Their families intermingled.
That doesn't happen anymore.
They just come and go.
Secondly, coming and going.
They used to travel together.
Take, for example, the Republican leader, Bob Michael.
He used to travel to Chicago by car with the Democratic leader of the tax committee.
And then this is the most important, I think, populism.
And in deep America, the blue-collar worker really doesn't have any understanding or sympathy for the real financier in Wall Street. or the tech leader in Palo Alto.
So J.D.
Banz's book, Hillbilly Elegy, really hits it.
And that is to say populism is the thing that creates that sort of anger.
And Trump actually won because he was able to dip into that.
So what's the solution?
Well, the solution, I think the easiest solution is a new amendment to the Constitution.
And what would that new amendment be?
It would be, you have to have been in jail 27 years like Nelson Mandela.
So when you became president, you could bring people together.
Well, Mark, we have less than 60 seconds here since we are counting down to the opening bell here on Wall Street.
So one thing that is affecting all Americans is higher gas prices.
We are looking at WTI rallying by 12% and we're already seeing the ripple effects of this geopolitical conflict in the real economy.

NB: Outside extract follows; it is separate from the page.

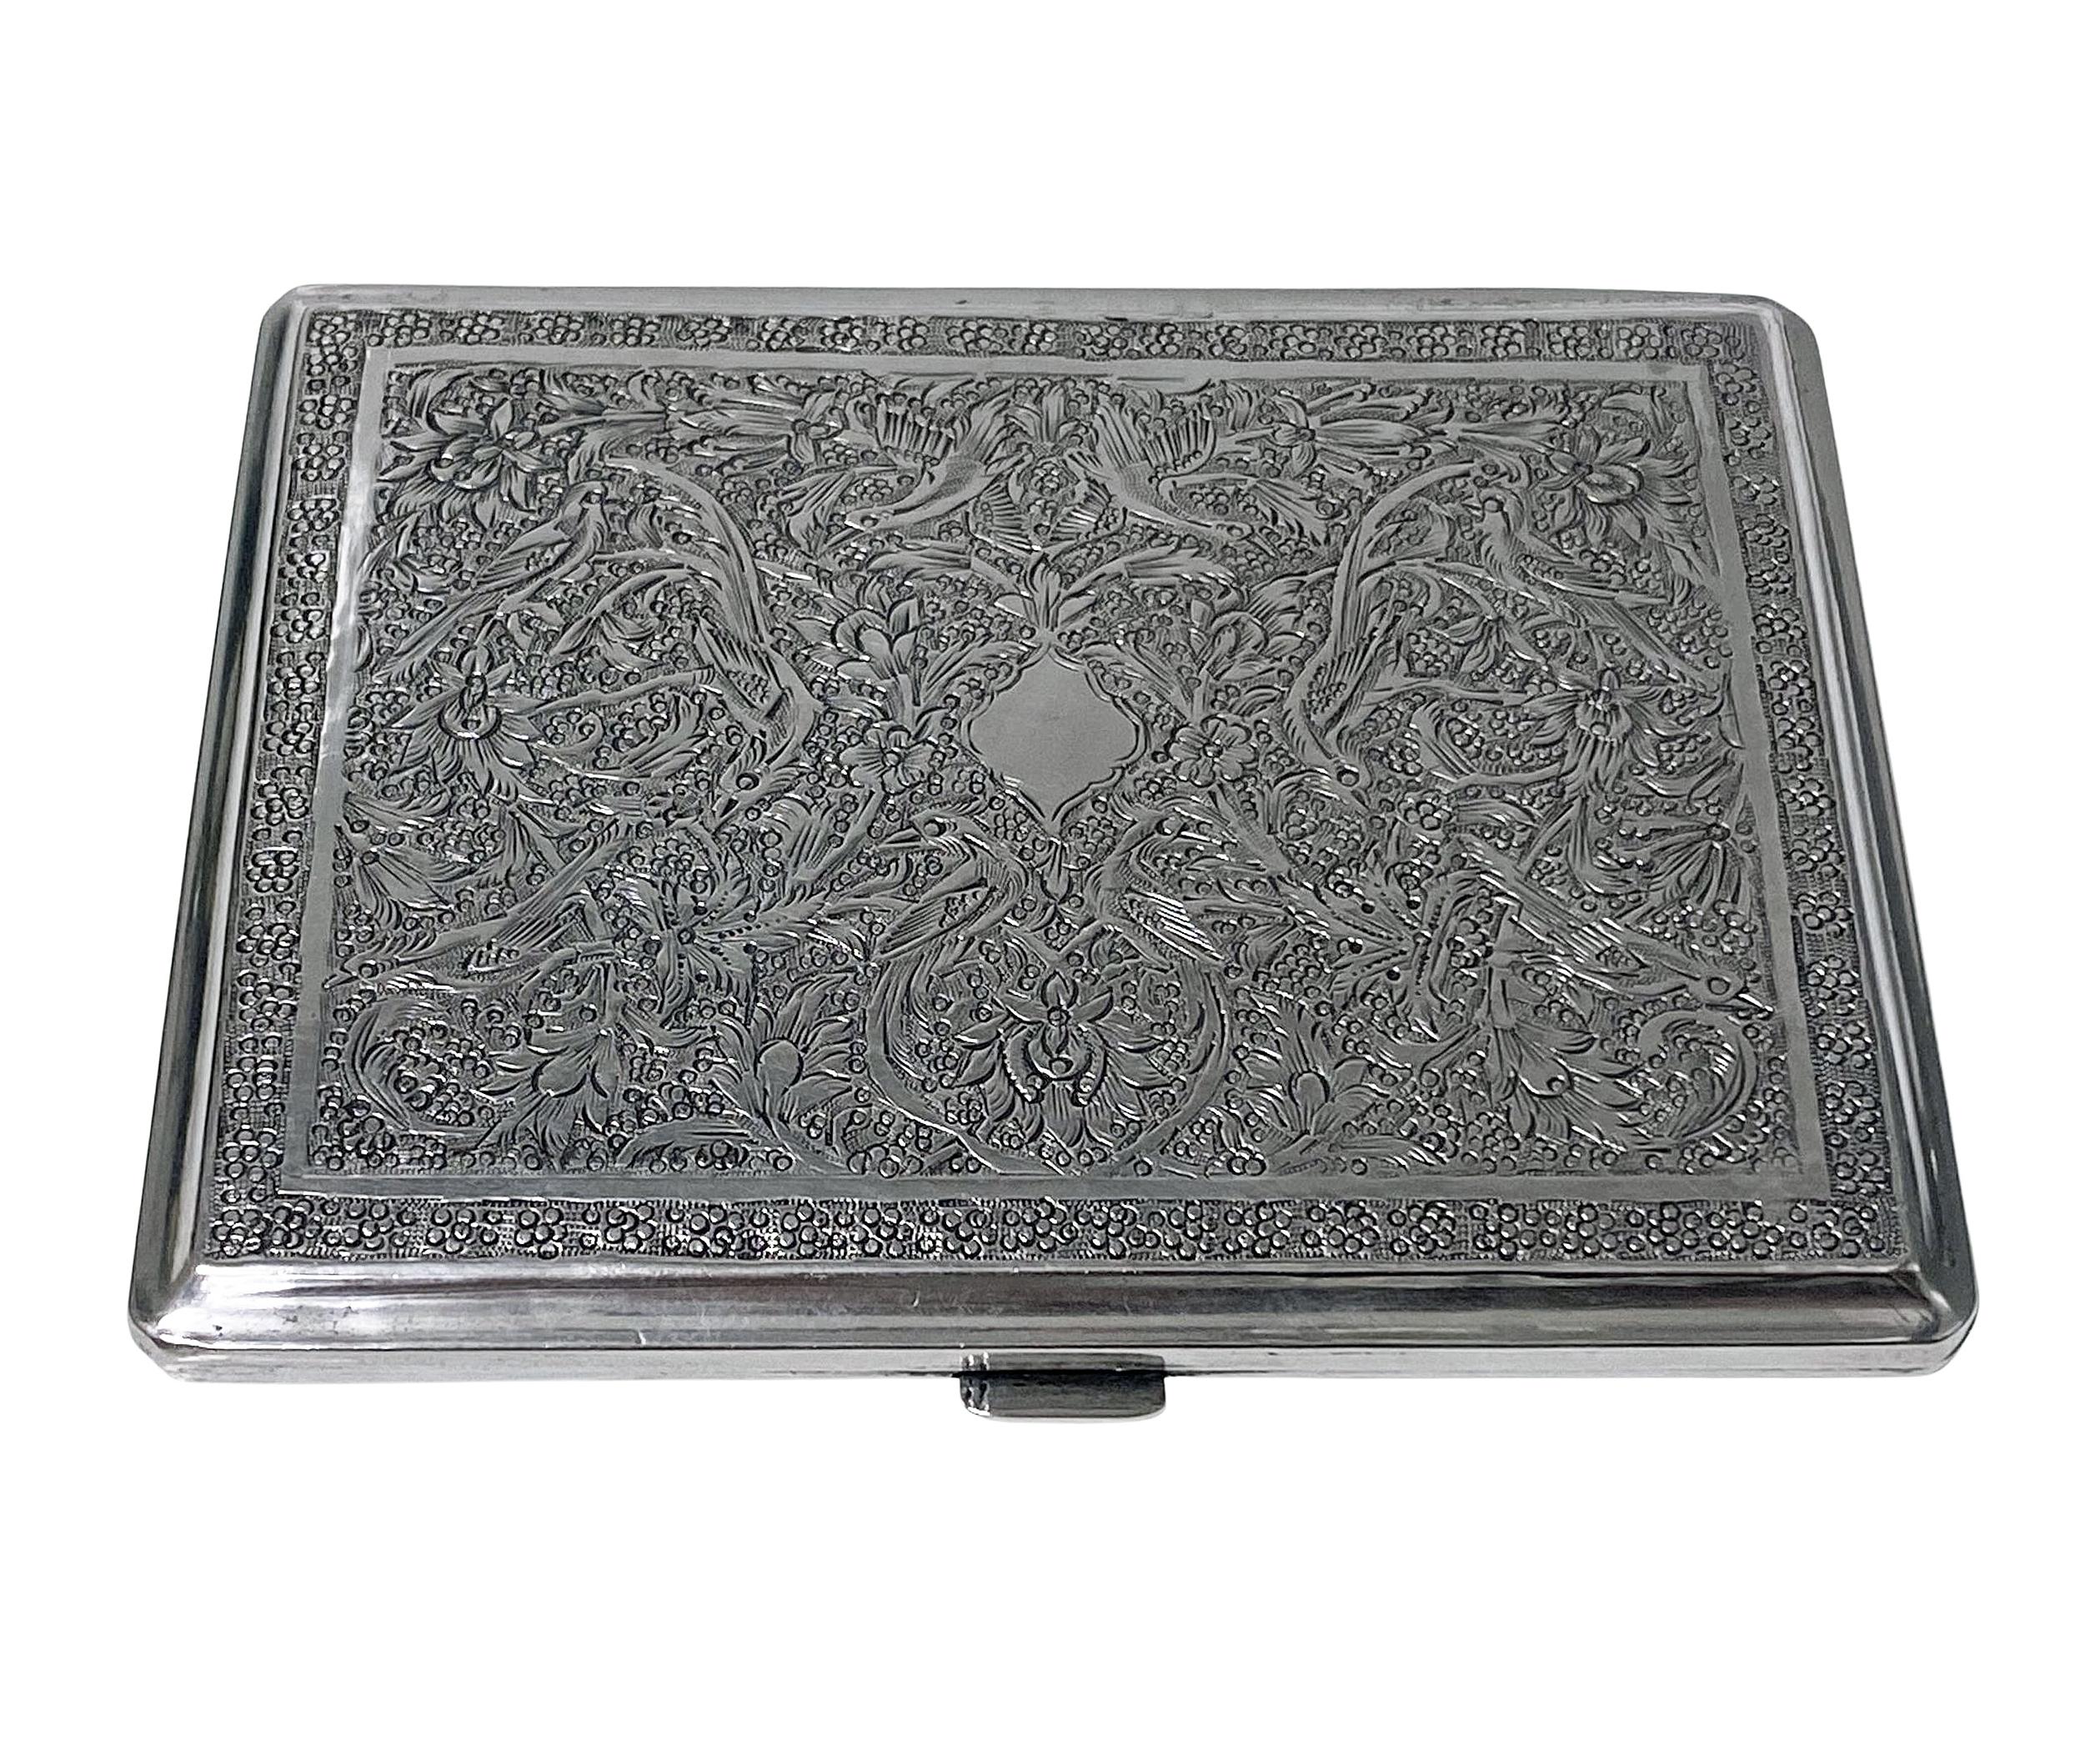 Antique Persian Silver Cigarette Case C.1920. The case beautifully chased, engraved and decorated with birds, animals and foliage. Persian marks to interior. Material band worn. Measures: 4.00 x 3.125 x 0.25 inches. Weight: 128.62 grams.
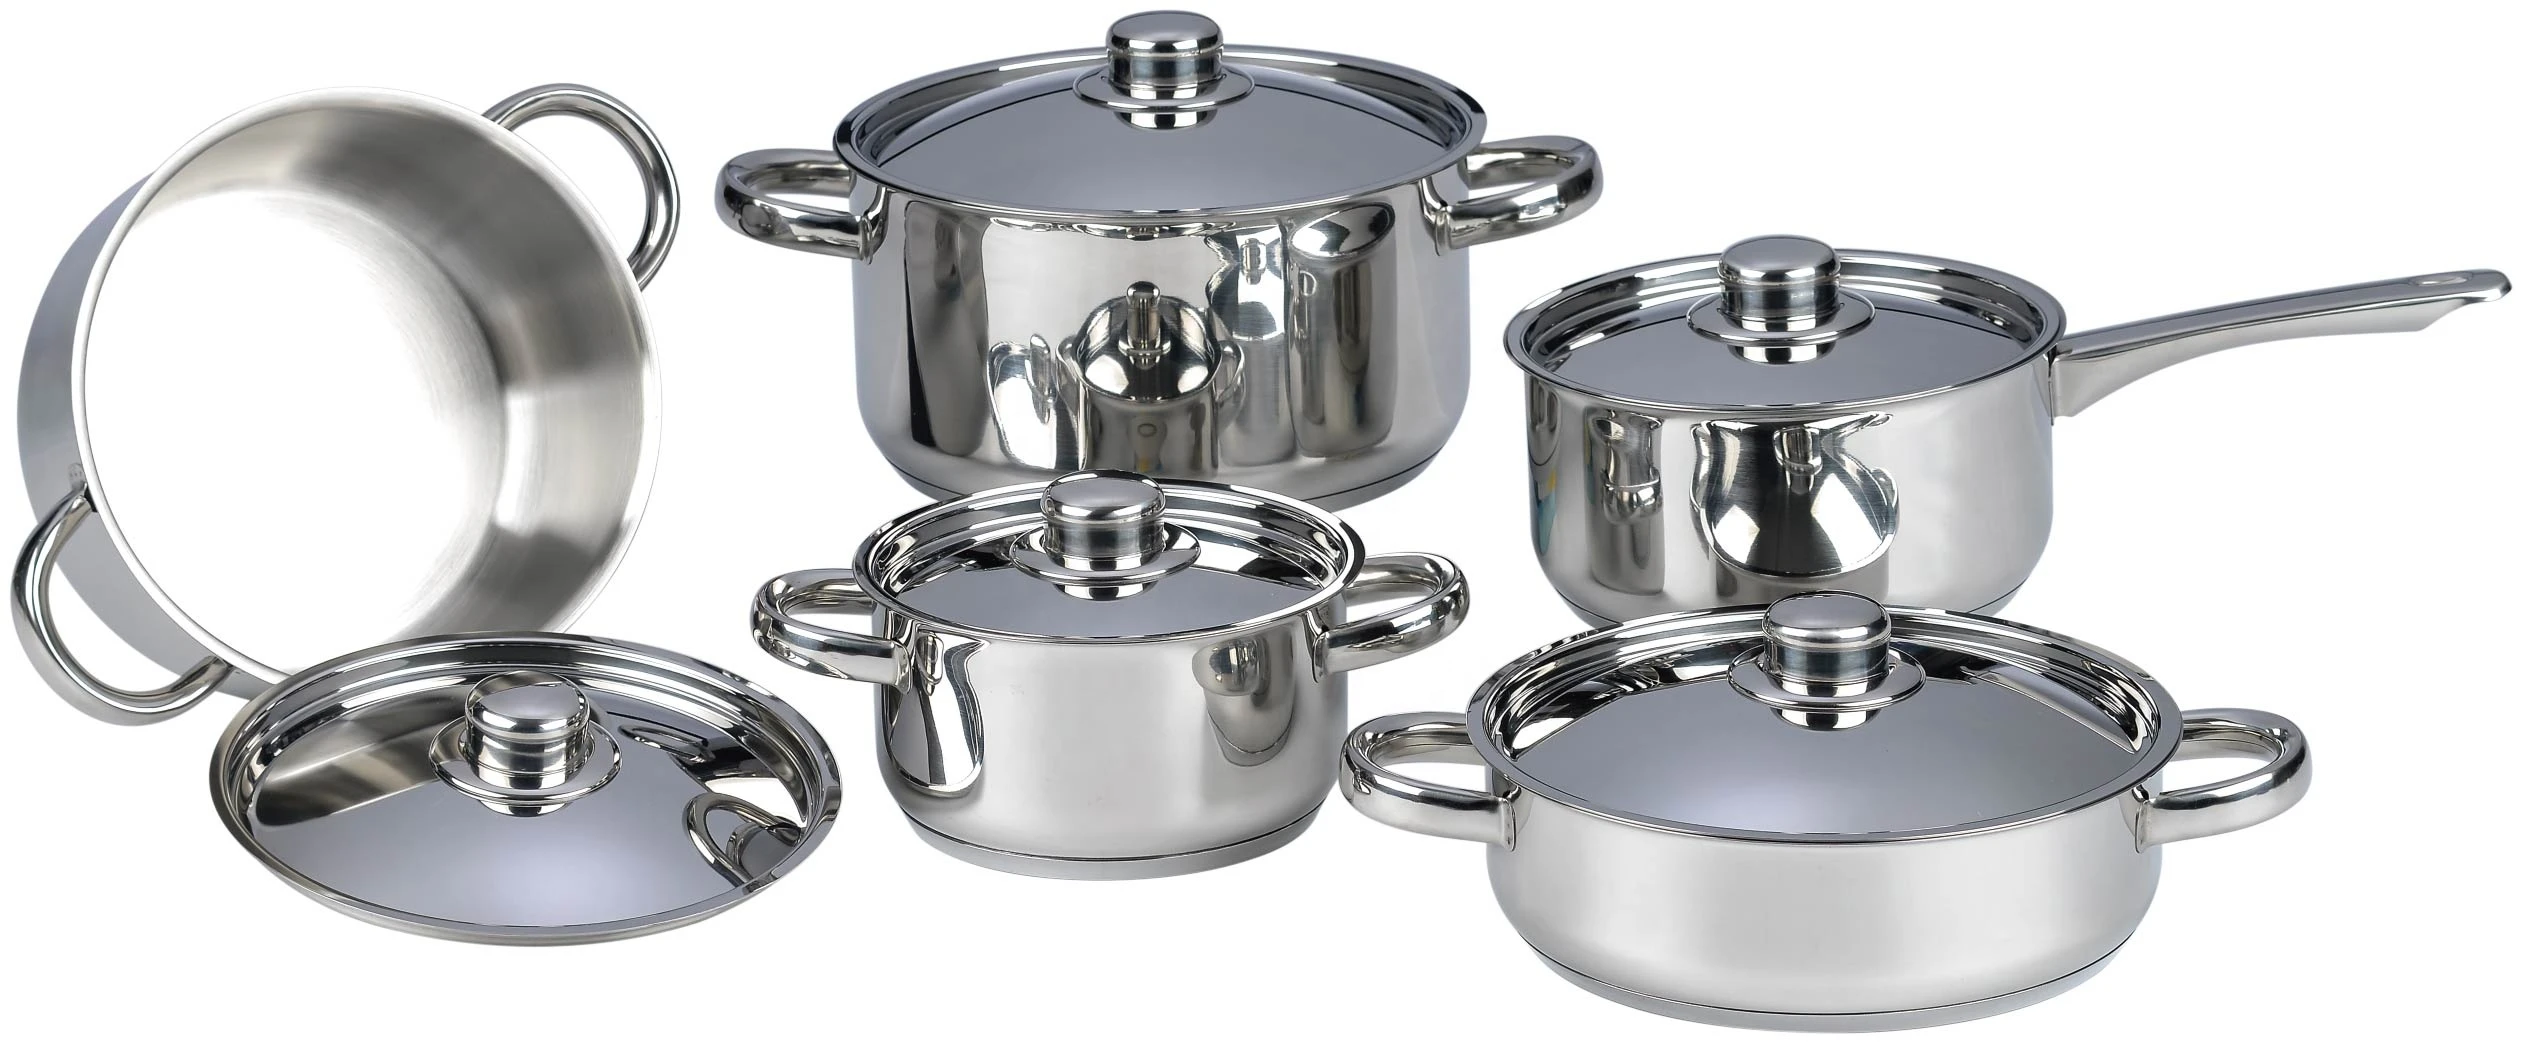 Cheap kitchenware cooking pots cookware

So at what point do you hire for longer energy prices as well as borrowing costs shift from being strictly an inflation story to a tipping point that actually sends the economy into a downturn?
Uncertainty.
Uncertainty is the key factor.
I think most analysts think that we'll be able to cope with energy in the long term, but it's the uncertainty that deals with affordability which deals with our first question, the future of government in the United States.